Plant Physiol, April 2001, Vol. 125, pp. 1710-1722

Two Loci Control Phytoglycogen Production in the Monocellular Green Alga Chlamydomonas reinhardtii¹

Laboratoire de Chimie Biologique, Unité Mixte de Recherche du Centre National de la Recherche Scientifique, No. 8576, Université des Sciences et Technologies de Lille, 59655 Villeneuve d'Ascq cedex, France (D.D., C.C., G.M., C.d.H., S.G.B.); Institut National de la Recherche Agronomique, Centre de Recherches Agroalimentaires, Rue de la Géraudière, Boîte Postale 71627, 44316 Nantes cedex 03, France (A.B., D.J.G., B.B.); Commonwealth Scientific and Industrial Research Organization, Division of Plant Industry, G.P.O. Box 1600, Canberra, Australian Capital Territory 2601, Australia (M.K.M.); and Department of Biochemistry, Biophysics and Molecular Biology, Iowa State University, Ames, Iowa 50011 (A.M.M.)

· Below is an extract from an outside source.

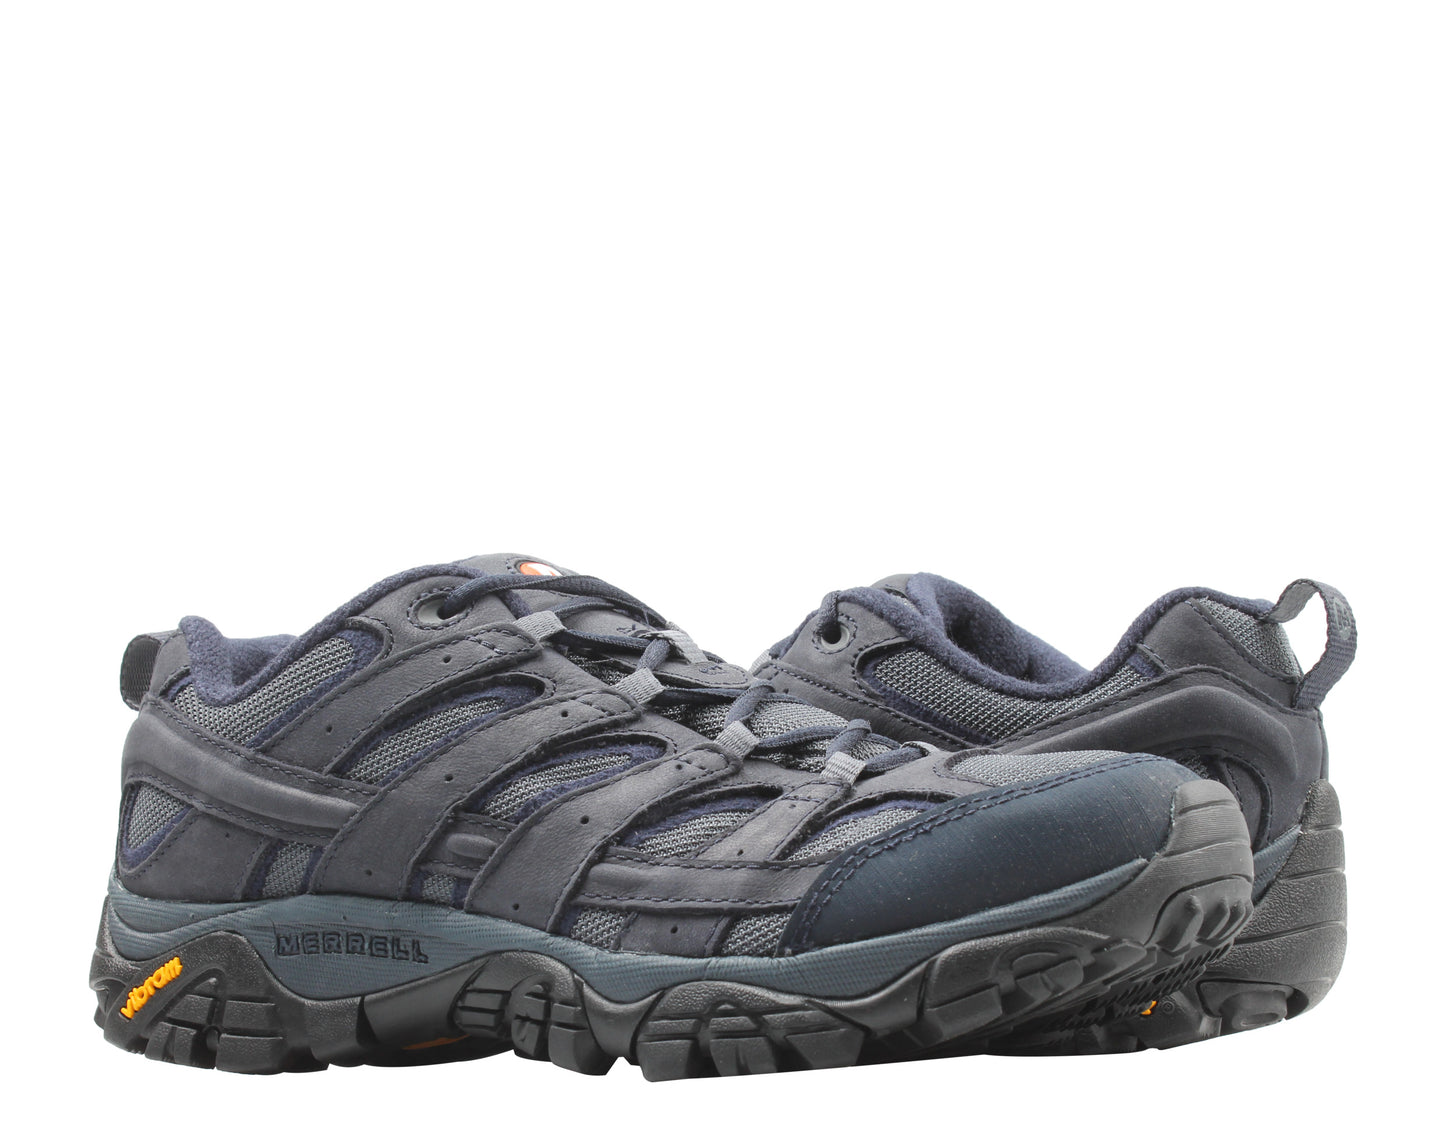 Merrell Moab 2 Smooth Men's Hiking Shoes

The STA8 locus of Chlamydomonas reinhardtii was identified in a genetic screen as a factor that controls starch biosynthesis. Mutations of STA8 cause a significant reduction in the amount of granular starch produced during nutrient limitation and accumulate phytoglycogen. The granules remaining in sta8 mutants are misshapen, and the abundance of amylose and long chains in amylopectin is altered. Mutations of the STA7 locus, which completely lack isoamylase activity, also cause accumulation of phytoglycogen, although sta8 and sta7 mutants differ in that there is a complete loss of granular starch in the latter. This is the first instance in which mutations of two different genetic elements in one plant species have been shown to cause phytoglycogen accumulation. An analytical procedure that allows assay of isoamylase in total extracts was developed and used to show that sta8 mutations cause a 65% reduction in the level of this activity. All other enzymes known to be involved in starch biosynthesis were shown to be unaffected in sta8 mutants. The same amount of total isoamylase activity (approximately) as that present in sta8 mutants was observed in heterozygous triploids containing two sta7 mutant alleles and one wild-type allele. This strain, however, accumulates normal levels of starch granules and lacks phytoglycogen. The total level of isoamylase activity, therefore, is not the major determinant of whether granule production is reduced and phytoglycogen accumulates. Instead, a qualitative property of the isoamylase that is affected by the sta8 mutation is likely to be the critical factor in phytoglycogen production.